*** Opening Dataset extract ***

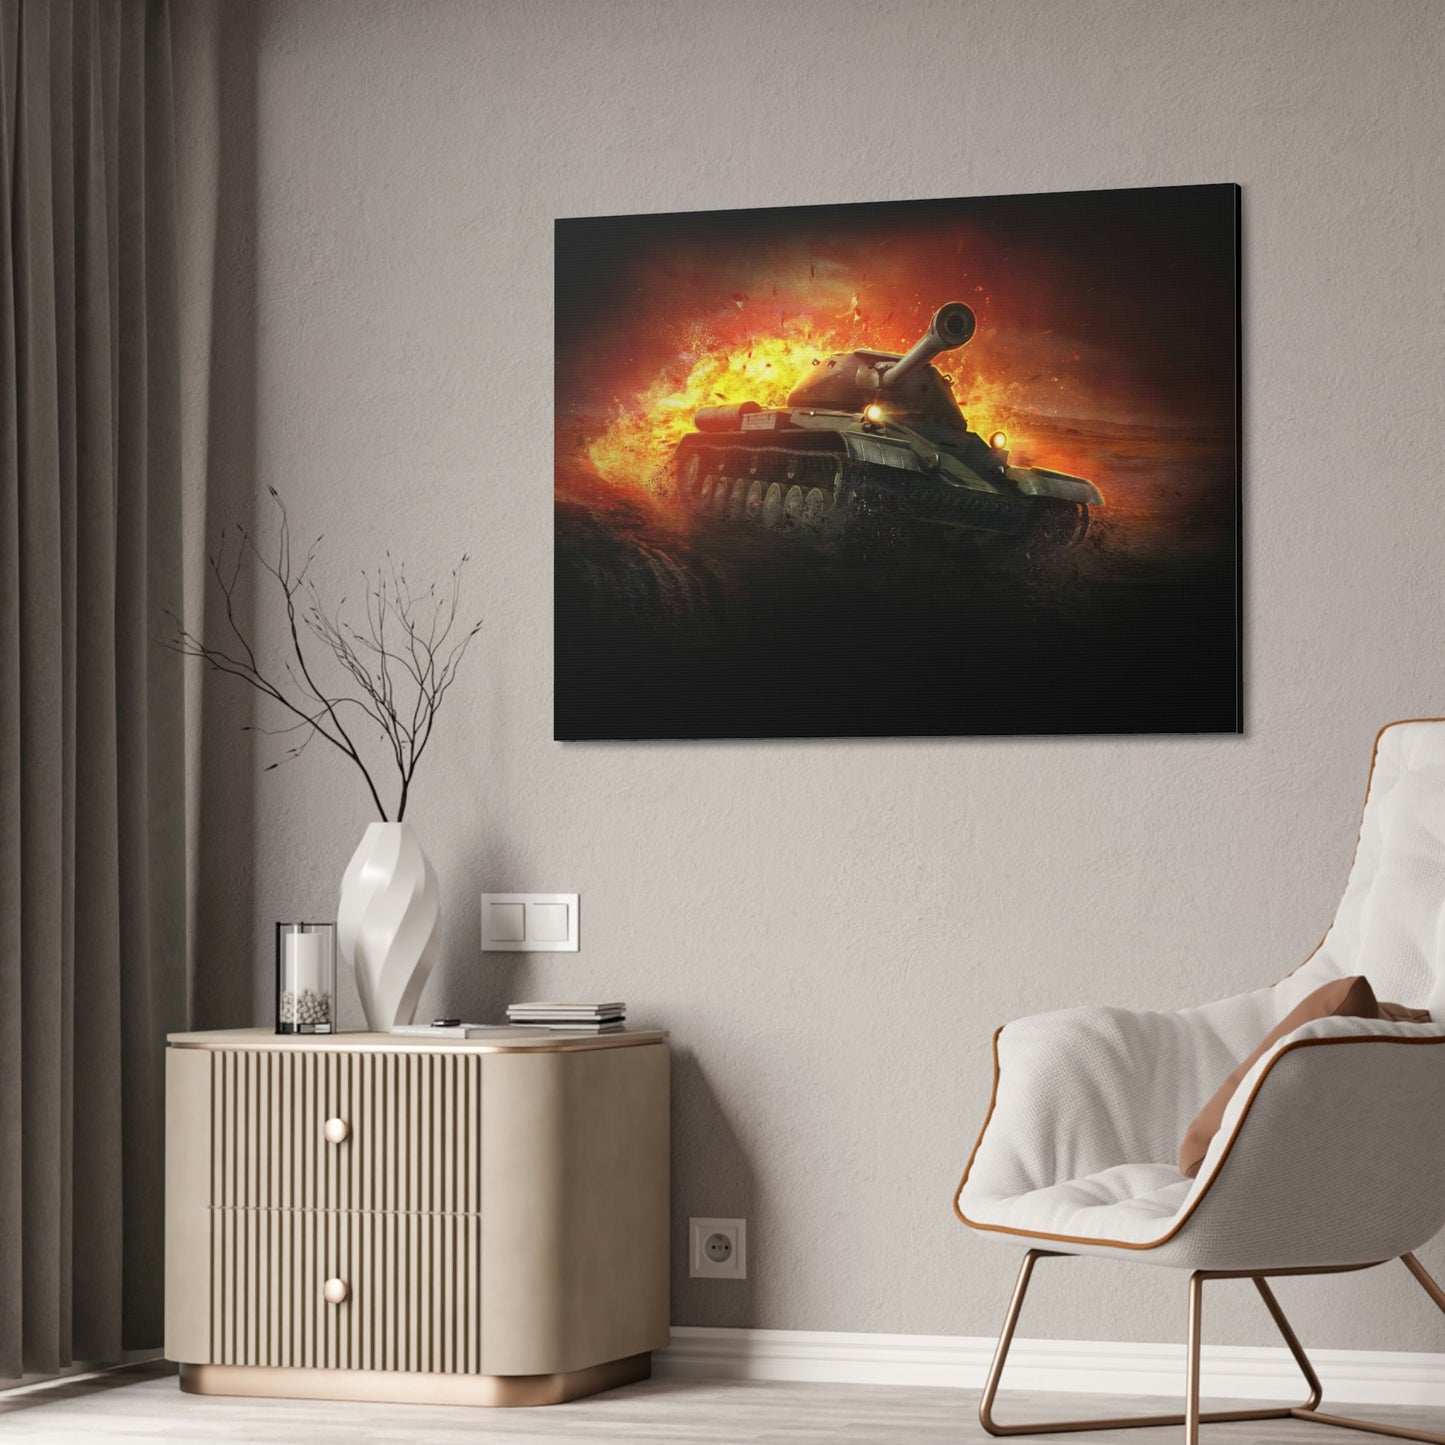 Legendary Battles: Framed Poster Celebrating World of Tanks Heroes
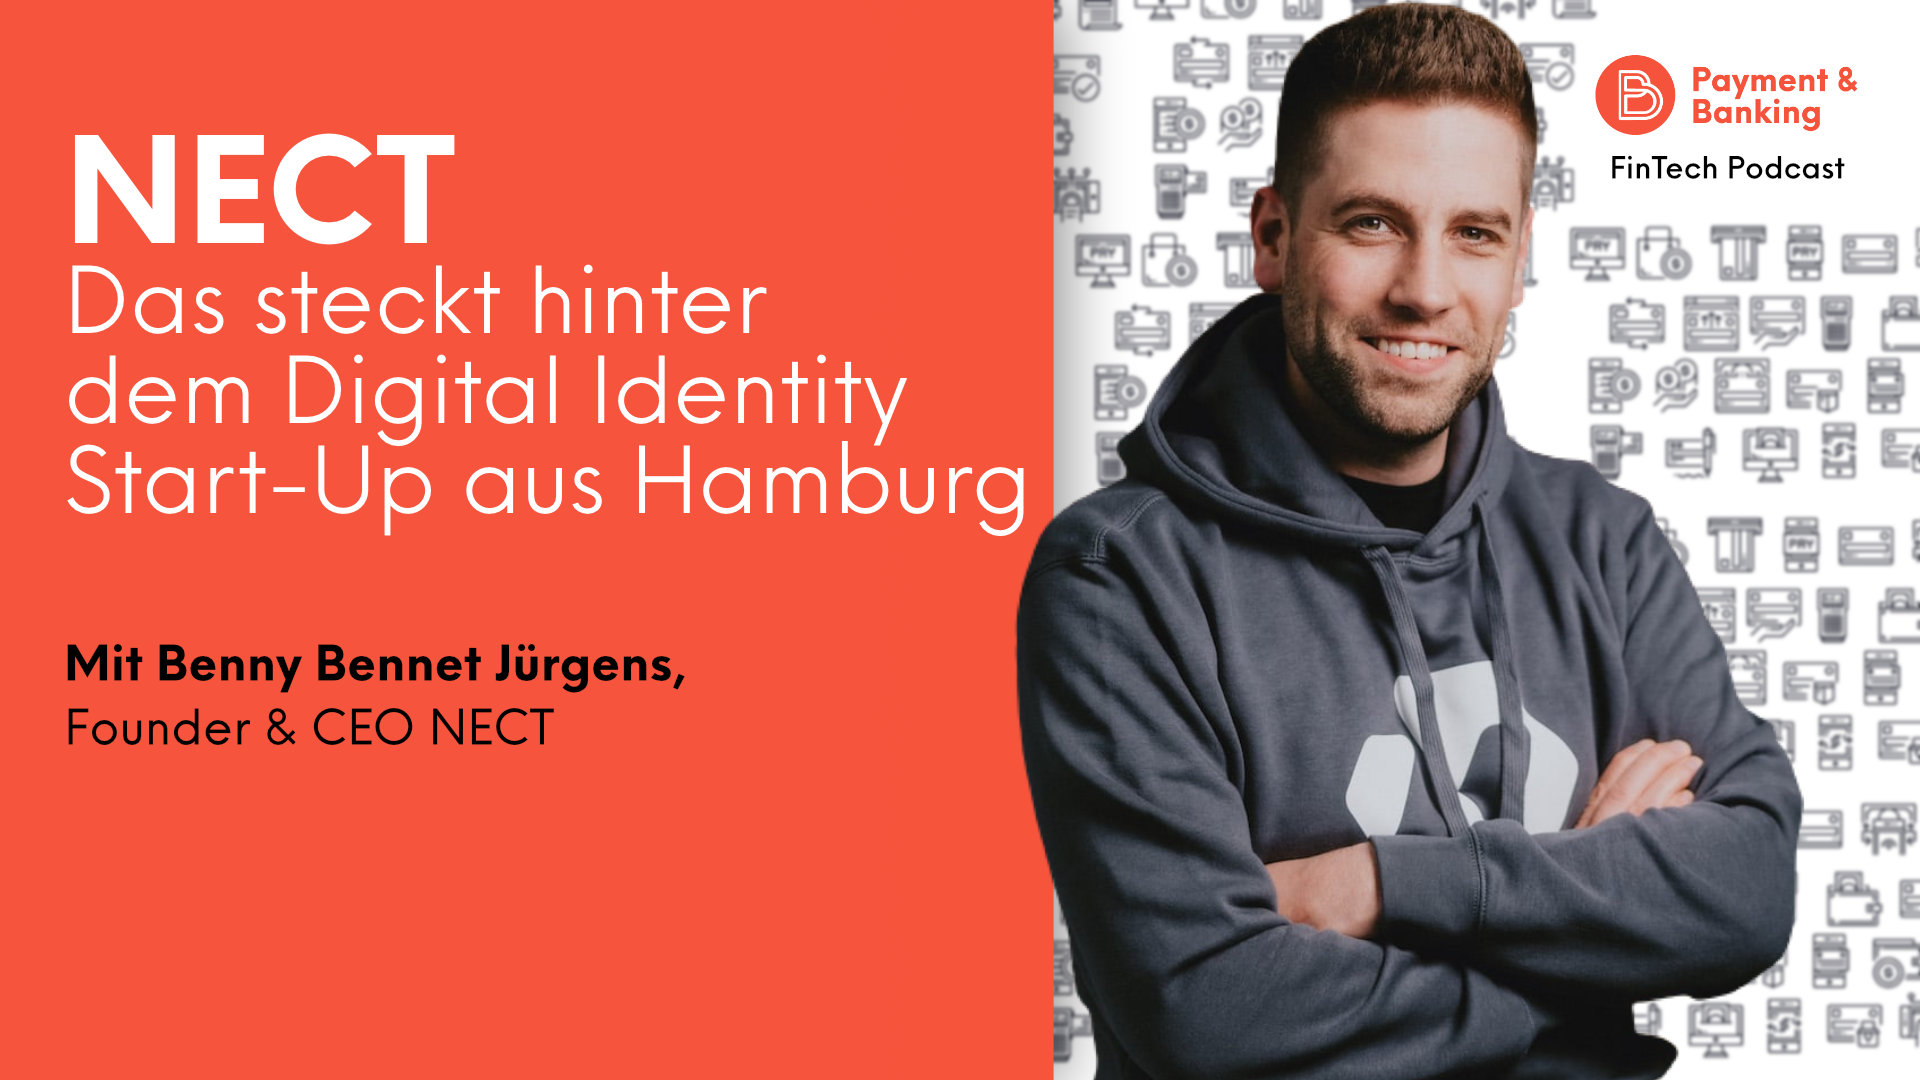 Das steckt hinter NECT, dem Digital Identity Start-Up aus Hamburg
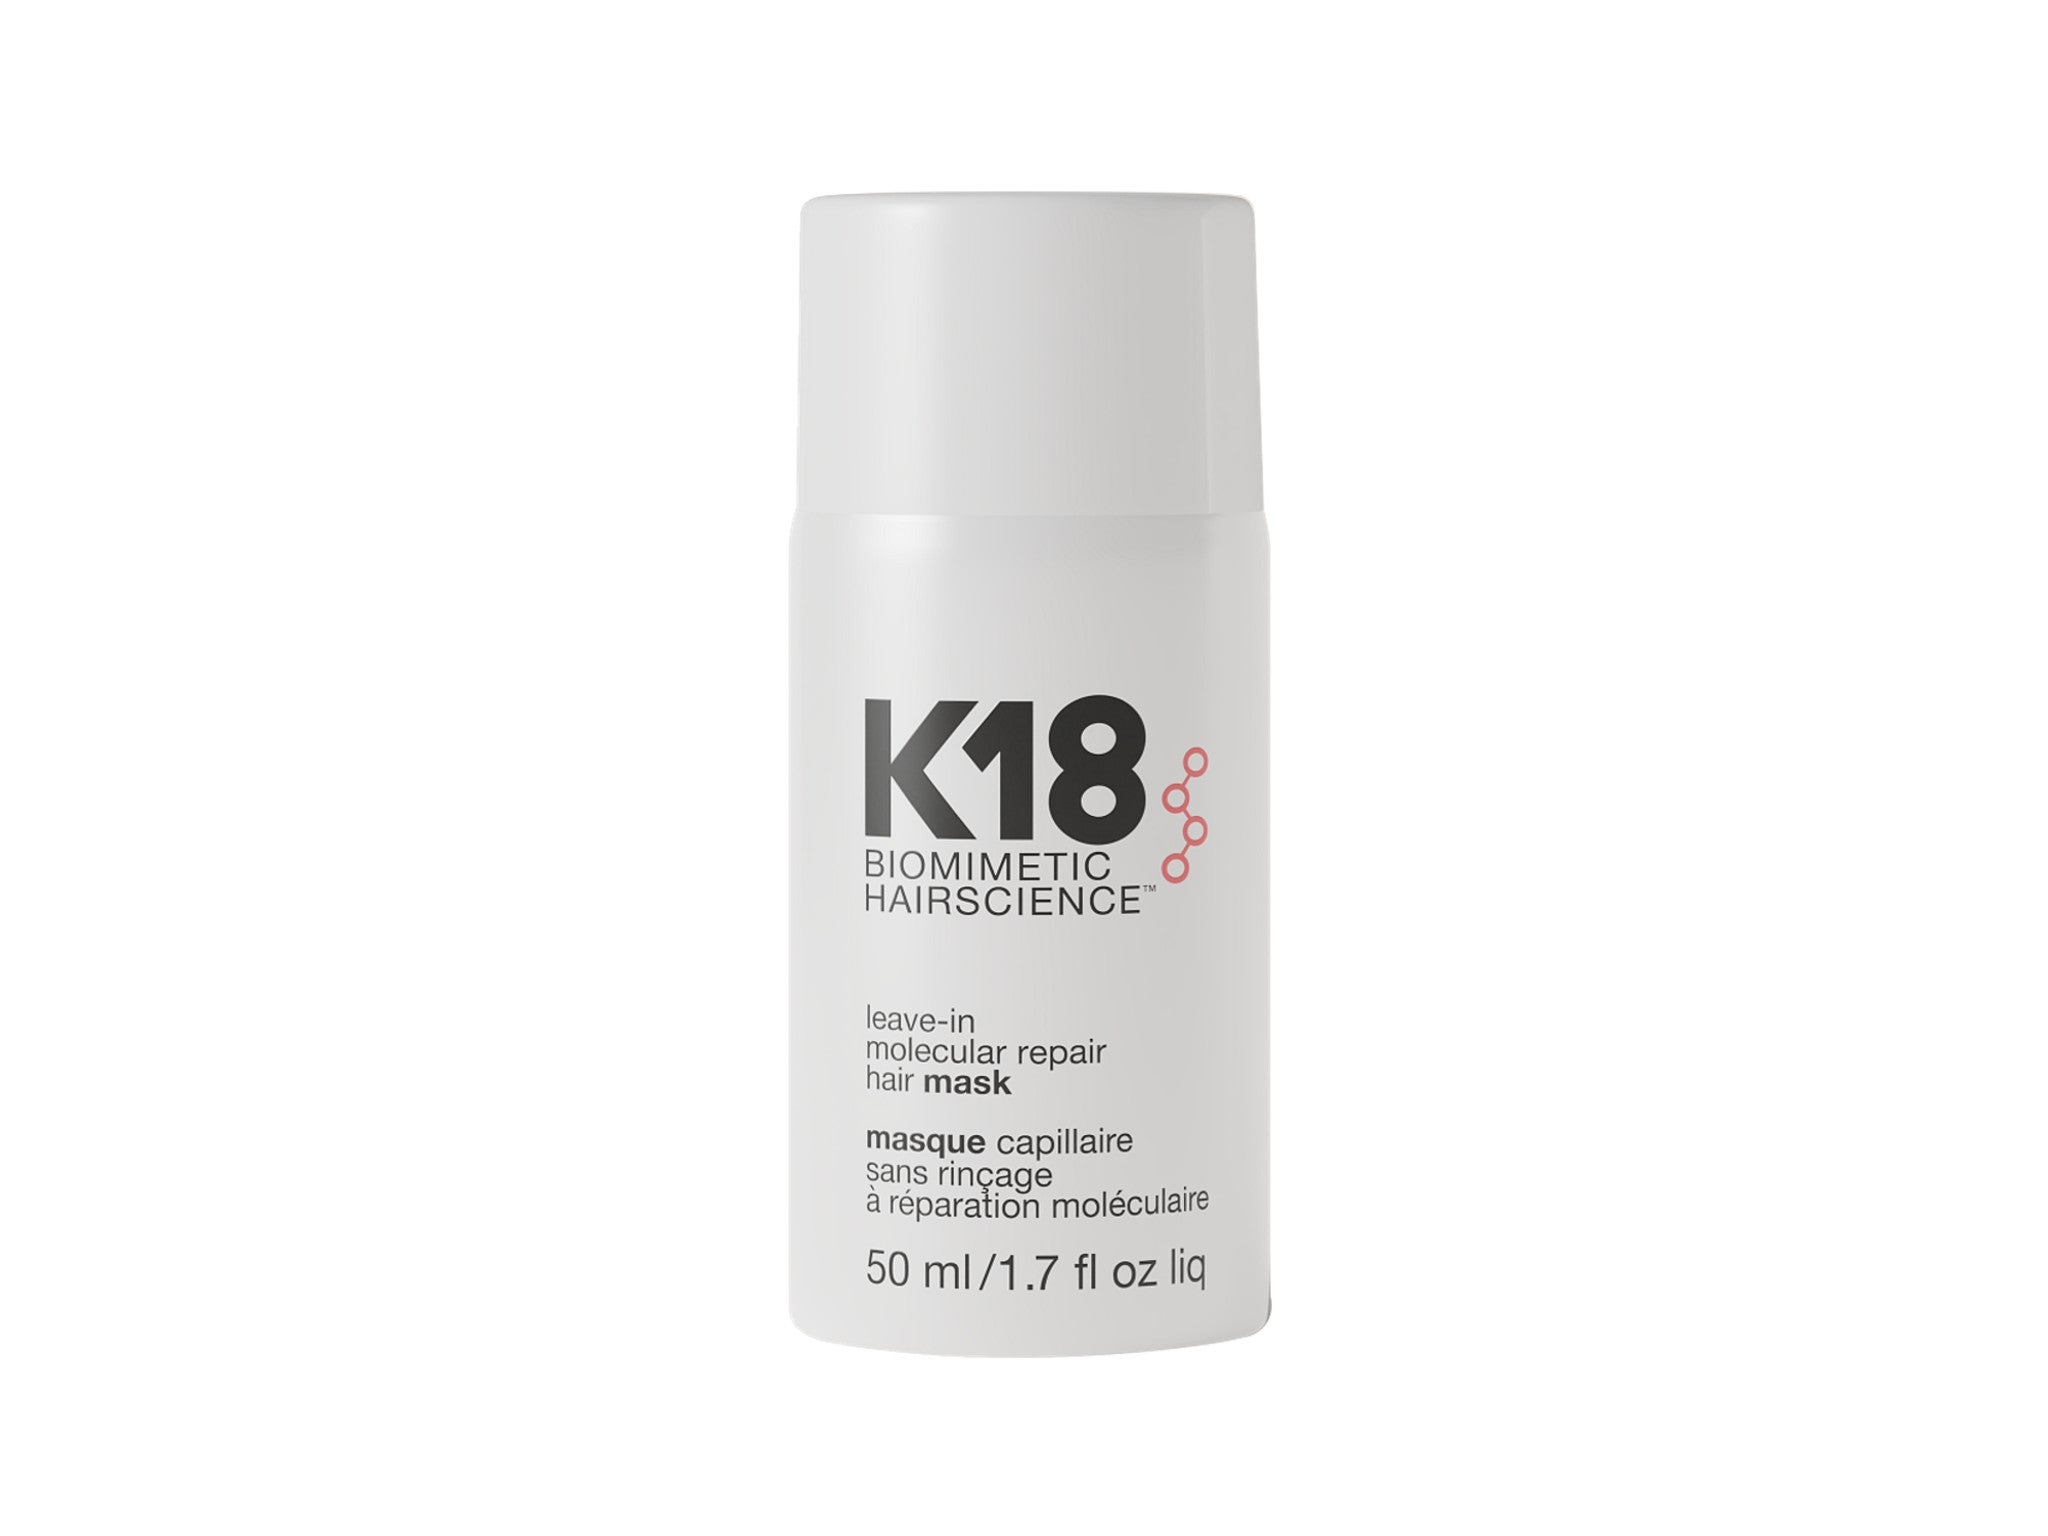 K18 leave-in molecular repair hair mask indybest.jpg

*** Closing Dataset extract ***

# Work to be completed:
Output the data exactly as it appears. The pictures do not belong in it.

# Response:
 Legendary Battles: Framed Poster Celebrating World of Tanks Heroes
 Das steckt hinter NECT, dem Digital Identity Start-Up aus Hamburg
 K18 leave-in molecular repair hair mask indybest.jpg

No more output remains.